In one of his numerous treatises Manly P. Hall made the insightful comment that for all the successes of scientific understanding we are still left with the mystery: what is force? what is life? what is consciousness? what is mind?
Singling out one piece of that mystery, what is life? It is not so easy to summarize. On the one hand, life can be described objectively as animated parts—biological functions. It could be measured in heartbeats or breaths over time. And then there is the so-called subjective aspect to life…Here the objective accounts seem to melt away. From an experiential perspective perhaps all attempts to measure life feel inadequate.
It’s one thing to say, what is life out there, and it is another to say, what is life to you. Even as people try to resolve this duality they sublimate one to the other. People emphasizing an objective approach might describe existential experience as an illusion (the more romantic types might call it a lucky accident), whereas the subjective approach might infer purpose out of biological complexity.

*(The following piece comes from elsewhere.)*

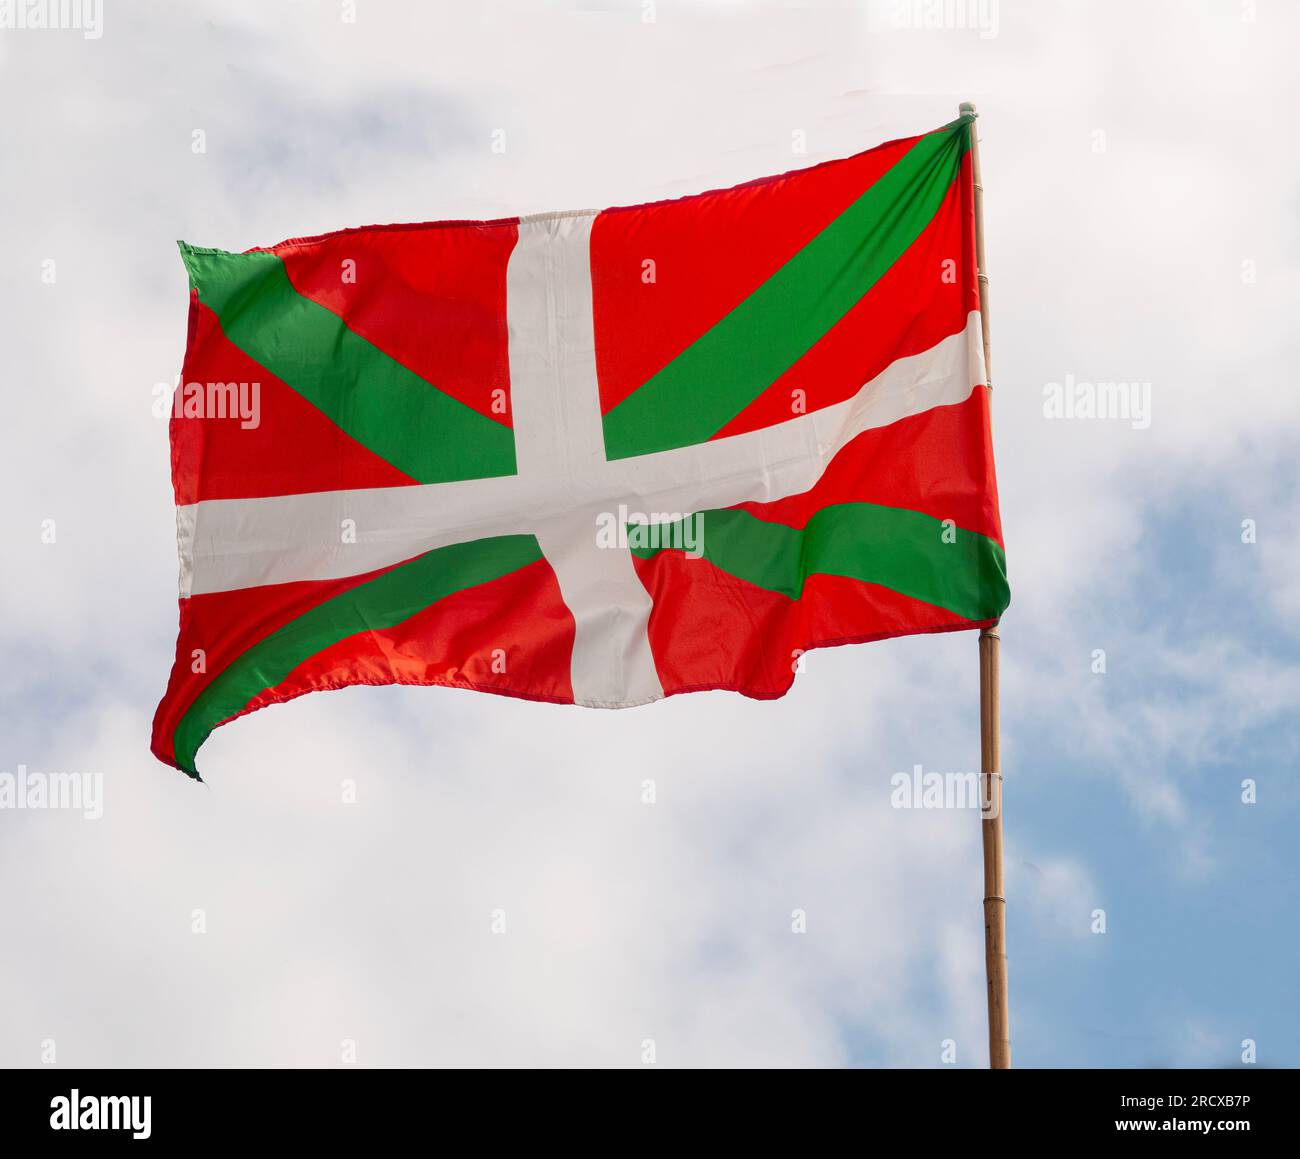 Pays drapeau de la région basque. Le drapeau du pays Basque agitant sur un mât. Communauté autonome dans le nord de l'Espagne. Banque D'Images

I could imagine Nature saw humans as a resolution to the question, “When life observes itself what will it see?” I am reminded of Nietzsche’s statement: “When you gaze long into the abyss the abyss also gazes into you,” his lesson on the etiquette of staring.
I have a default to write cryptically that I probably need to resolve. What I’m alluding to is how we choose to perceive life can be a healthy approach. Rather than see life as an empty illusion, which is a deleterious statement about your-self ultimately, see life as magnificently purposeful, perhaps inefffably so, which ultimately nurtures your own spirit.
The timeline of your life could be meted out in heartbeats and breaths, but it couldn’t account for the character and timbre of each inhalation, each exhalation. No heart monitor could comprehend the secret language of evocation of each heartbeat pulsing your unique embedded signature upon each tidal waveform, returning with gifts from other pulsing life forces to inspire you until you expire. Now this is breath, this is anima, this is spirit.